Be Prepared When You Go in For a Starter

Ever Been on a Team That Lost its Star Player?

Imagine how hard it was for the athlete who needed to fill in for that player.

Whether it is for a game or the season, filling in for the top player on your team is a formidable task.

Players rely heavily on their star teammates. They look to those elite players for leadership and often defer to them late in games. Sometimes, star players are viewed as irreplaceable.

When you are the one who competes in a star player’s absence, high expectations and pressure can weigh you down. 

You believe you need to BE the player you are replacing. You feel your teammates are relying on you to lead and carry the team on your back.

When you try to be someone you are not, you are more likely to make uncharacteristic mistakes at critical moments in competitions.

However, you are on the team for a reason, and that is because of your skill set. You have to focus on being yourself. It is crucial for you to know your role and how you will approach performing that role to the best of your abilities.
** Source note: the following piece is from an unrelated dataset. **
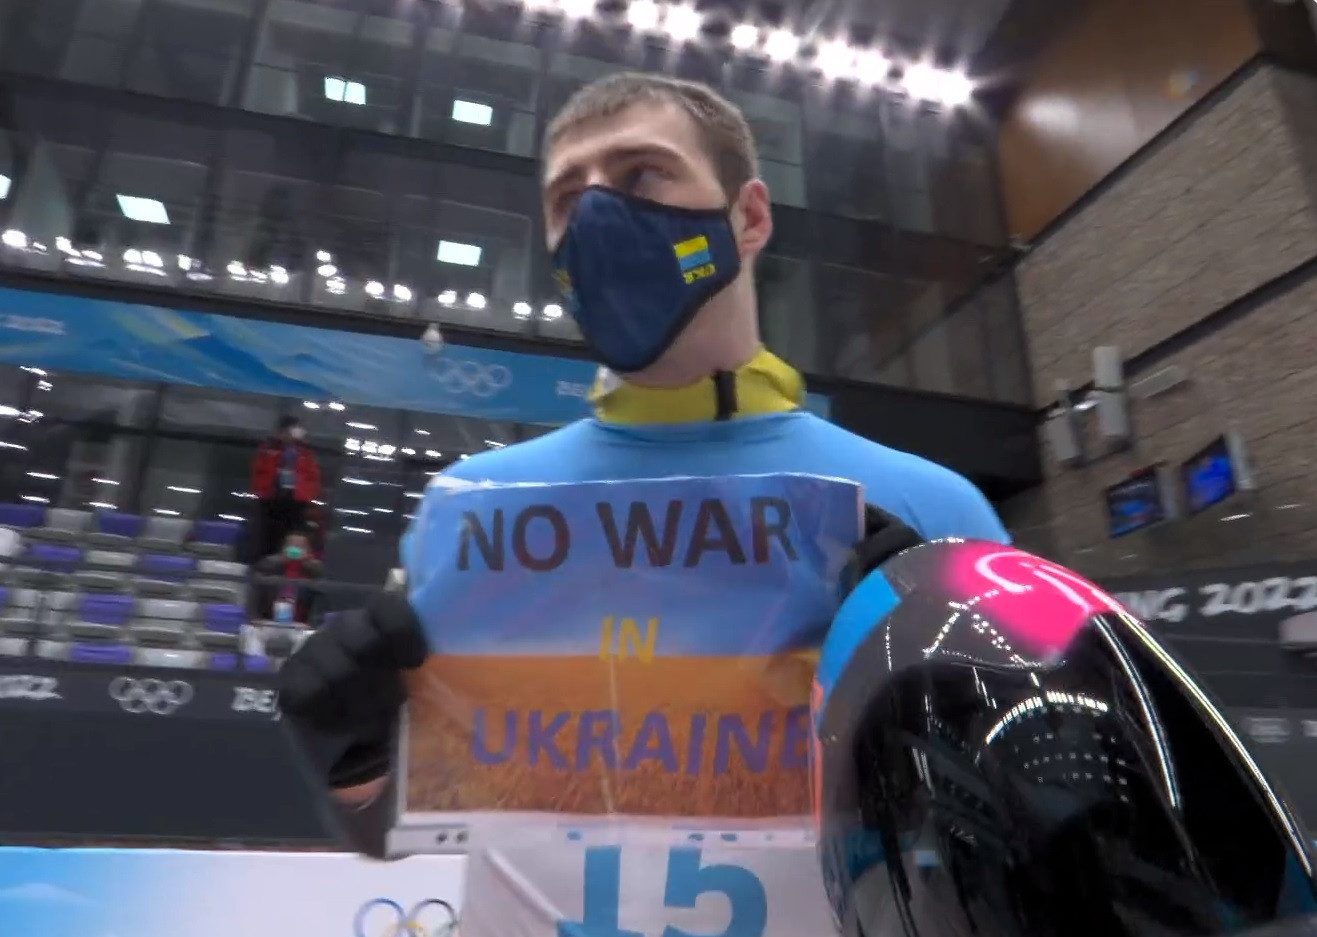 Ukrainian skeleton racer Heraskevych wants complete Russia ban from sport after Beijing 2022 protest

The New York Jets selected quarterback Zach Wilson, who found himself having to substitute for one of the best players in the league, not an easy task for a player who under performed in his first two years in the NFL. 

Wilson, the second overall pick in 2021, completed only 55 percent of his passes with 15 touchdowns to 18 interceptions in his two years as a starter.

Due to Wilson’s lack of production, the Jets traded for four-time MVP Aaron Rodgers to lead the team to a potential Super Bowl. After Rodgers tore his Achilles tendon in the first game of the season, Wilson returned to being the starter.

Though Wilson is aware of the high expectations, he has simplified his approach to the game.

WILSON: “I think it’s going out there, taking it one play at a time, trusting in my footwork, trusting in what the coaches have been talking about, and we’ll go from there.”

Wilson also understands that he will make some mistakes like every athlete, but poise and refocusing will be the keys to managing pressure in the spotlight.

WILSON: “You have to be able to say, ‘OK, I made a mistake, now what?’ I have to move on, and the team’s relying on me to do my part. For me, I know what I’m capable of, and I feel like I have the belief of the guys in this locker room, so how can we go out there every single day and piece it together one by one?”

To be your best, ask yourself, “What do I bring to the table?” “What can I do to help my team be successful?” Focusing on your game will help you lessen the weight of expectations and pressure.

Knowing who you are as an athlete is crucial when substituting for a star teammate. 

When competing, you should not think about trying to be the athlete you are replacing. You must play to YOUR strengths to be on top of YOUR game.

Always practice like a starter so when you get your chance you’ll be ready to take over.